I didn't think anything of it and cut a chunk of plastic off of a bread bag and found a rubber band for him.

A few days later, I was done laying the laminate flooring down in the rest of the house and got to the area in front of the sink. I noticed the floor was a little bit wet there, so I opened the cabinet door and looked around for a leak in the pipes.

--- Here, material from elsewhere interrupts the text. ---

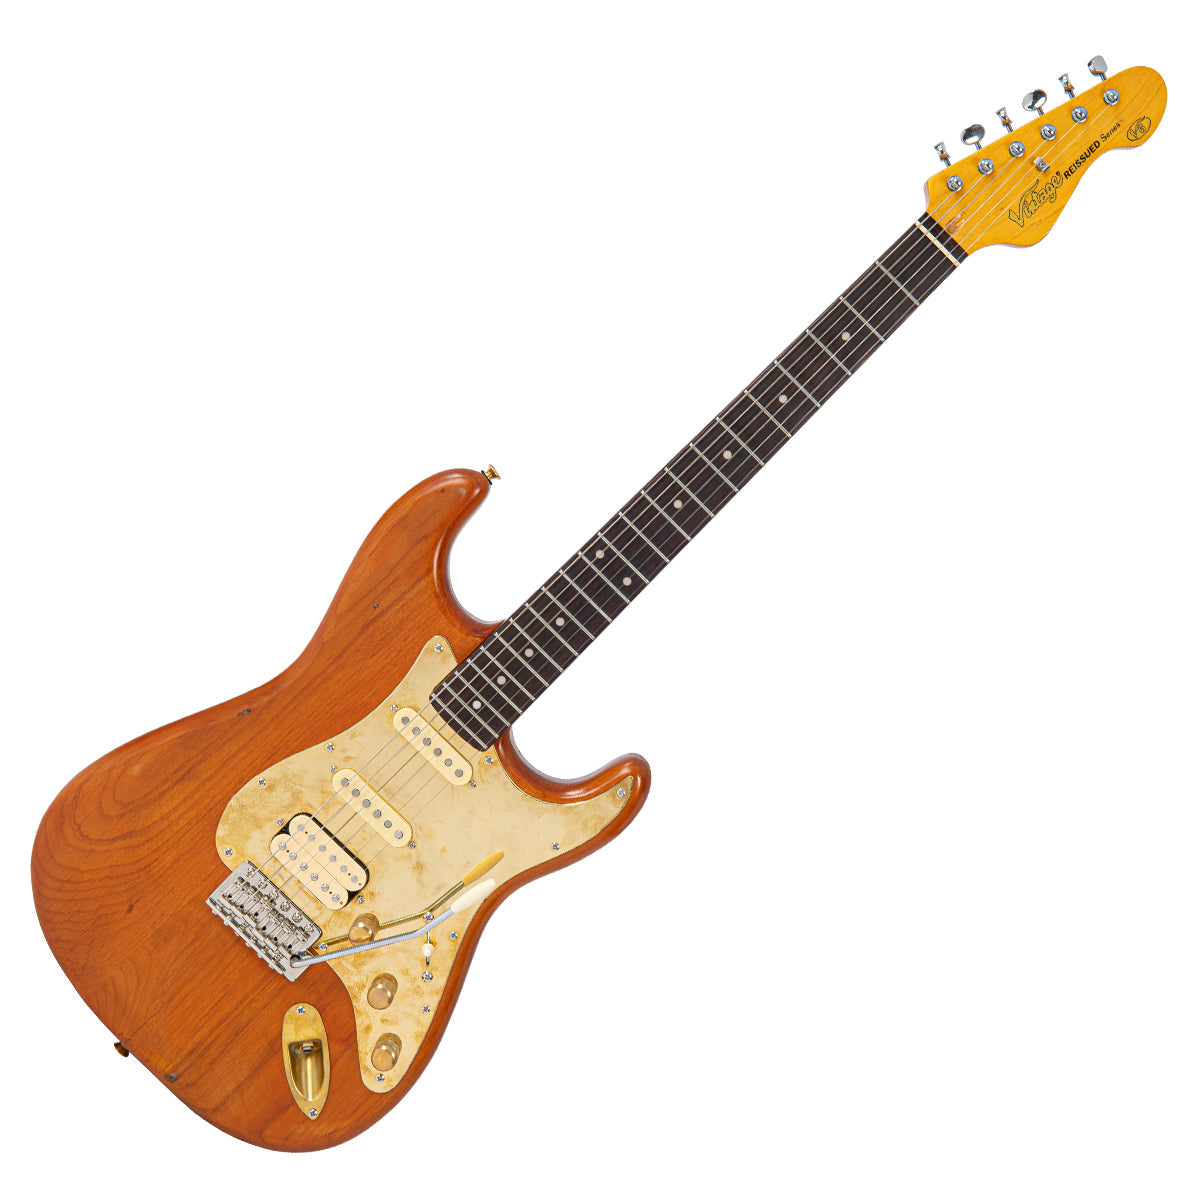 SOLD - Vintage V6 ProShop Custom-Build ~ Fast Eddie Style Tribute, Electrics for sale at Richards Guitars.

I immediately found the piece of bread wrapper and rubber band I had given the plumber. It was being used to cap off the part of the drain where the dishwasher line had been connected. I guess he was too lazy to walk out to his truck for a proper cap.


----------



## dharlan50

*Thanks to everyone's input*

I went to Lowes last night. They said the only thing they had in the store that would work was the plastic stoppers that you would put on the bottom of old type kitchen chairs or table, so as not to be able to "scoot" the table on the floor. The hole was 7/8", which was exactly the size I measured on the hole in the garbage disposal. Then he showed me the clamp to use around it after I got the plug on. Worked wonderfully! Total cost was $3.00.


----------



## Mandres

What kind of clamp was it? We're in the same boat until I get the new dishwasher installed.


----------



## dharlan50

*To Mandres*

I'm not sure what kind of clamp it was. I just Googled it to find a picture and it looked something like what is called a "T bolt band clamp" or a "worm gear clamp." That's the best I can come up with by looking at the pictures on Google.


----------



## hardwareman

a hose clamp


----------



## oh'mike

This is what I use----There is a rubber clamp on reducer made for garbage disposers--

It goes from the 3/4"(?) opening down to 1/2" (for use when using a smaller drain line)

Buy a 1/2 " copper cap--hose clamp that into the small side--clamp the larger side to the hole in the disposer.------Look in the rack where the black Fernco rubber fitting are--also look where the disposers are displayed----Mike---

Here's a picture--Google Image Result for http://www.homehardware.ca/products/300/32549621.jpg


----------



## Nana4

dharlan50, Thank you. Read your post and since I was having the same point with my garbage disposal I gave the chair cap a try. Seems to be doing fine. HD guy hadn't heard of it but thought it should work too. Again thank for the idea.


----------



## Cheap-a$$ John

My thanks to dharlan50 for the excellent inexpensive solution! The 7/8" rubber leg tips were available at all my local hardware stores and I reused the band clamp when I removed the old washer! So, a quick fix for under $3


----------



## GTKZ

I just did this today. Home Depot didn't have a so-called garbage disposal cap or plug--didn't see one online, either (not sure they are for sale). So I bought two boxes of rubber leg tips--3/4" and 7/8" at $2.15 each. I removed the hose, let it drain in a bowl, attached the 7/8" tip, which fit perfectly, and tightened with the existing (get one if you don't have one) worm gear hose clamp. The End. Final cost: $2.15 or $3.15 with a new clamp. Plumber: $85 per hour.


----------



## Lollyv

Thank you! The 7/8” rubber chair leg cap worked like a charm. Just reused dishwasher drain clamp as discussed. Super simple fix to what was a perplexing problem!


----------



## GrannyH

I just used an expandable wine bottle cork. Works great and cost was $0 (It was sitting idle in a drawer)


----------



## Nealtw

A short hose with a bolt shoved in it will do.


----------



## joed

10 year old thread


----------



## huesmann

joed said:


> 10 year old thread


Frackin' Recommended Reading...


----------